Miller School Renews Effort to Raise Suicide Awareness
The statistics are staggering and almost impossible to comprehend: 36,000 people in the United States die by suicide every year and it is the country’s 10th leading cause of death. The growing suicide epidemic recently hit close to home with the deaths of two faculty members and two former Miller School medical students during their residencies.
The personal nature of the recent tragic deaths has led to a fervent commitment by the Miller School’s faculty, staff and students to this year’s Out of the Darkness community walk sponsored by the American Foundation for Suicide Prevention. This year’s walk is scheduled for Sunday, October 23, at 10 a.m. on the Coral Gables campus.
In memory of Richard Iacino, chief of staff to Dean Pascal J. Goldschmidt, M.D., “Team Iacino” has been formed. Those who knew Richard and want to honor his life are encouraged to register for the walk.

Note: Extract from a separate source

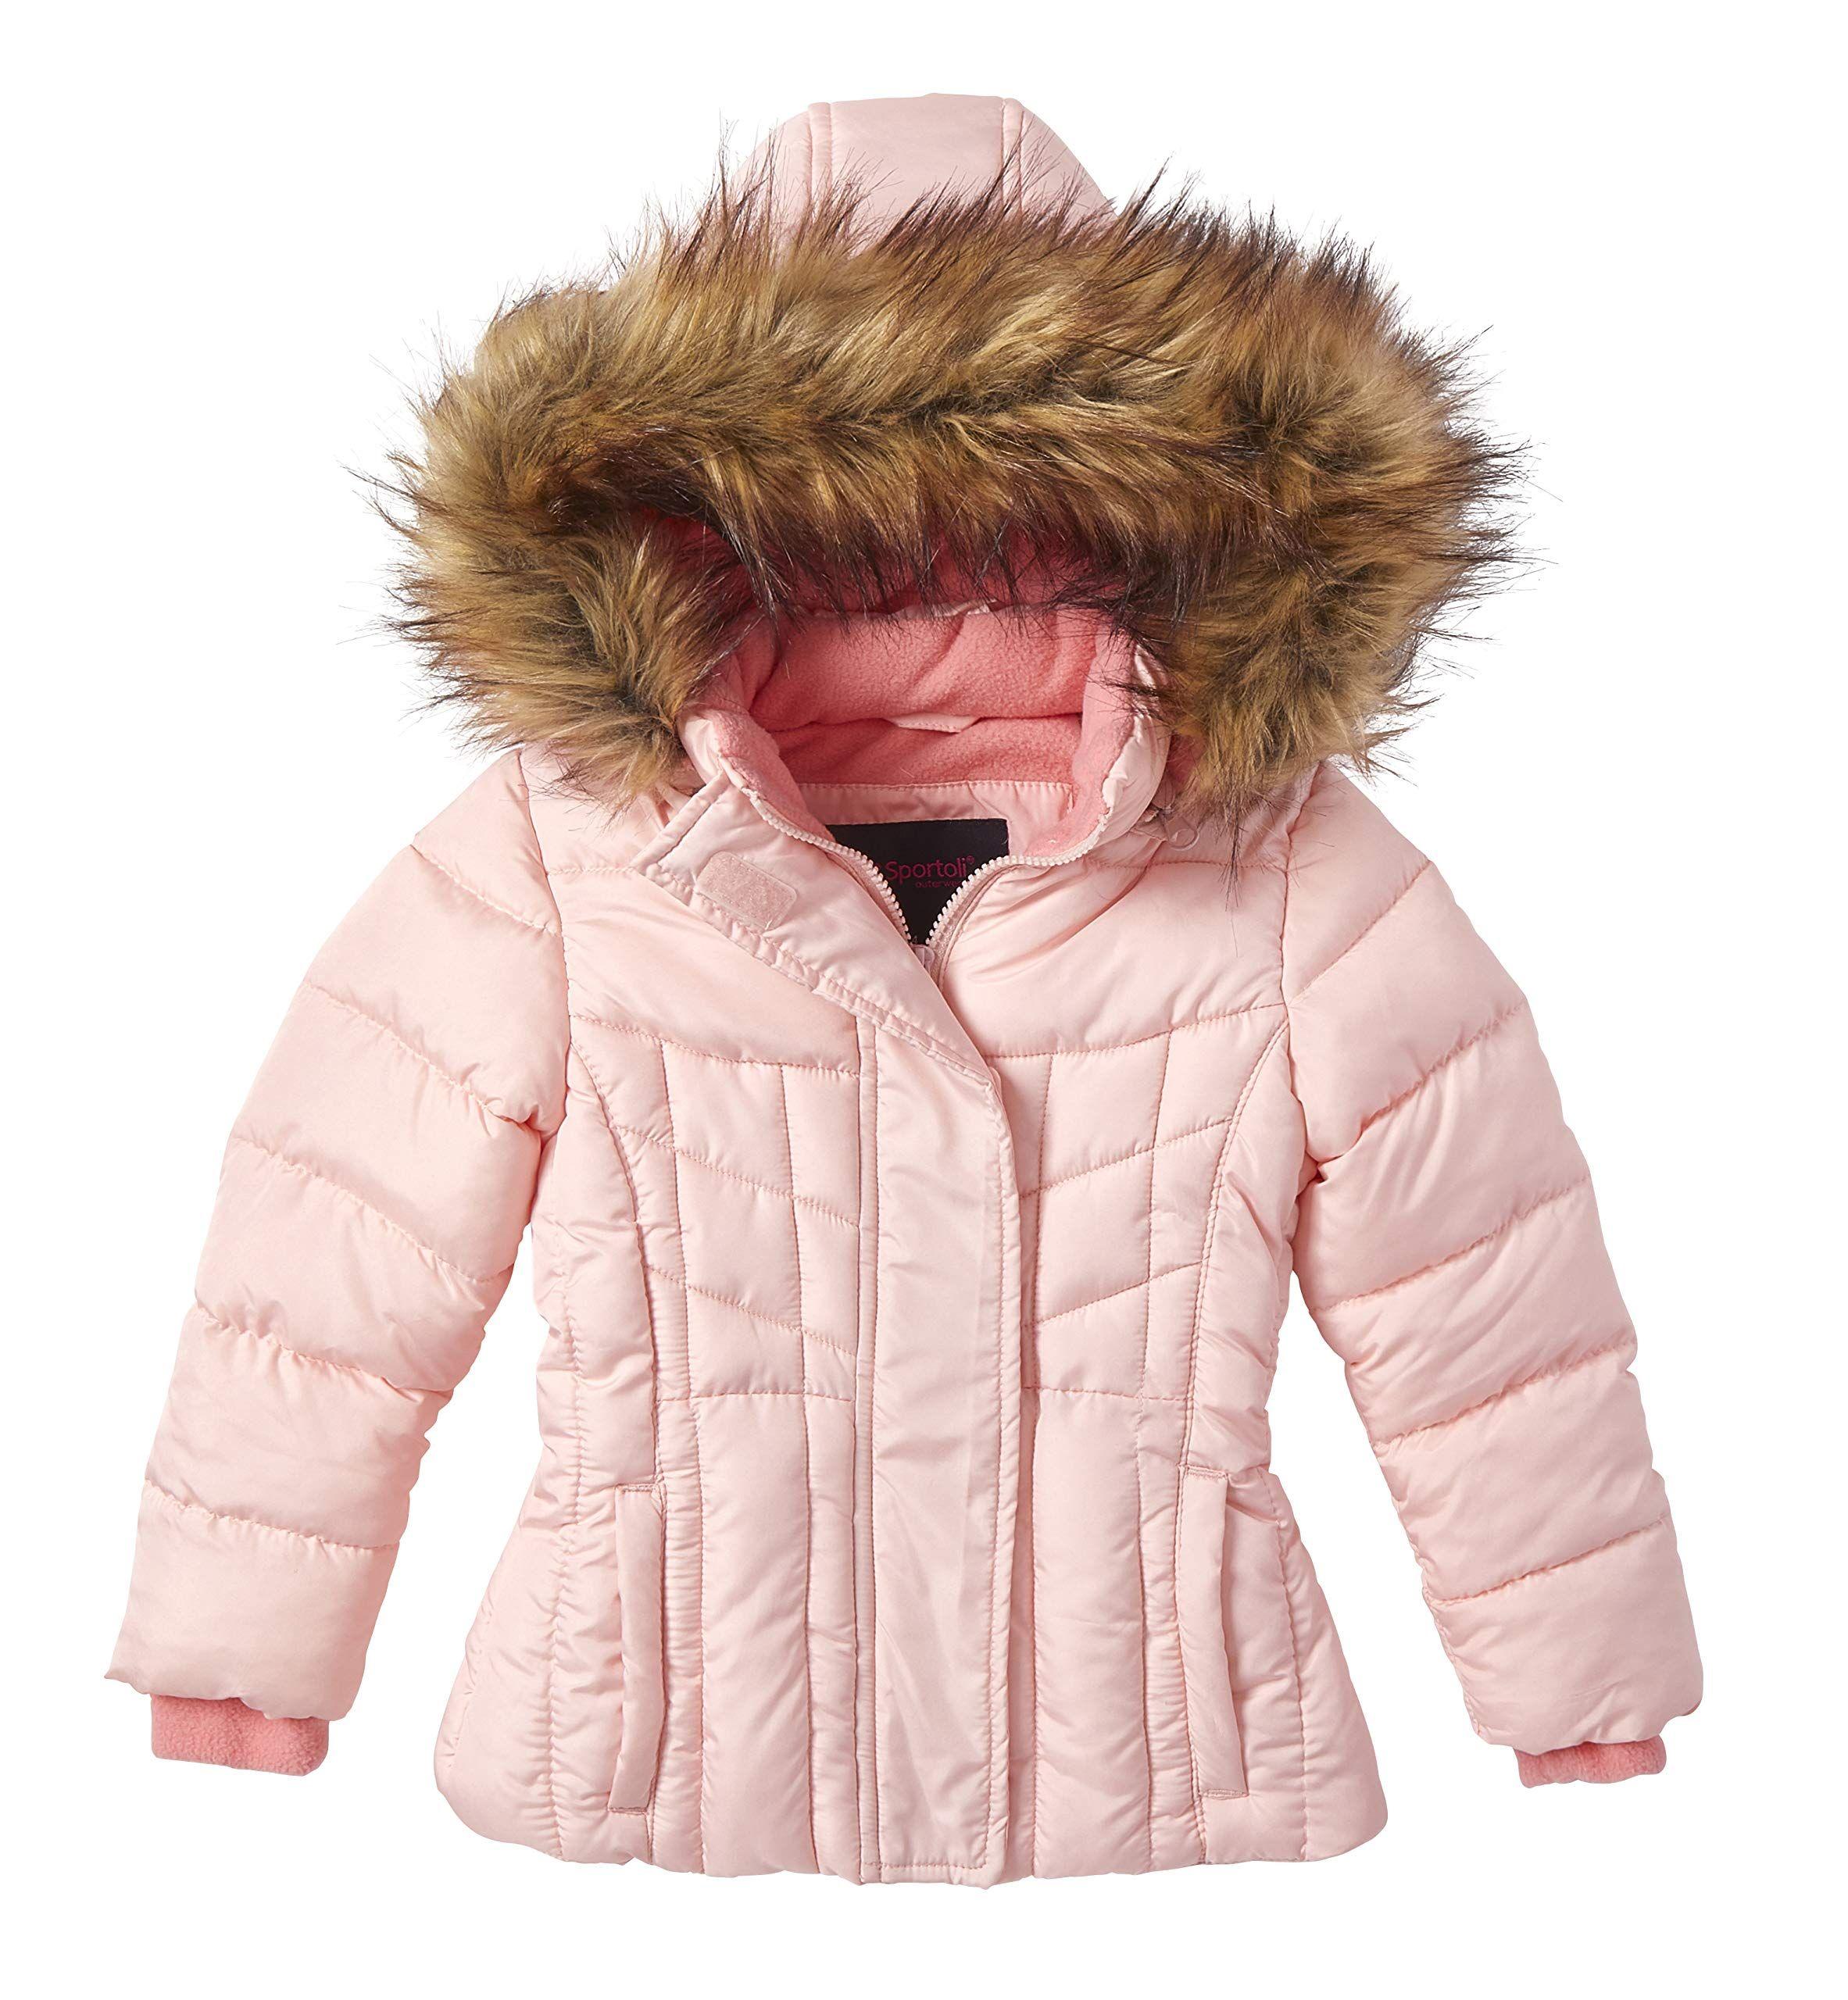 Girls Quilted Fleece Lined Winter Puffer Jacket Coat Faux Fur Trim Zip Off Hood Ad Lined Winter Puffer Gir Winter Puffer Jackets Girls Quilts Fur Trim [ 2560 x 2365 Pixel ]

“As the recently elected president of the South Florida Chapter of the American Foundation for Suicide Prevention, I implore all of you to join us for this important event,” said Charles B. Nemeroff, M.D., Ph.D., Leonard M. Miller Professor and Chair of the Department of Psychiatry and Behavioral Sciences. “Having experienced our own loss at the Miller School, with Richard, we hope to use this event as a way to remember his life and raise awareness.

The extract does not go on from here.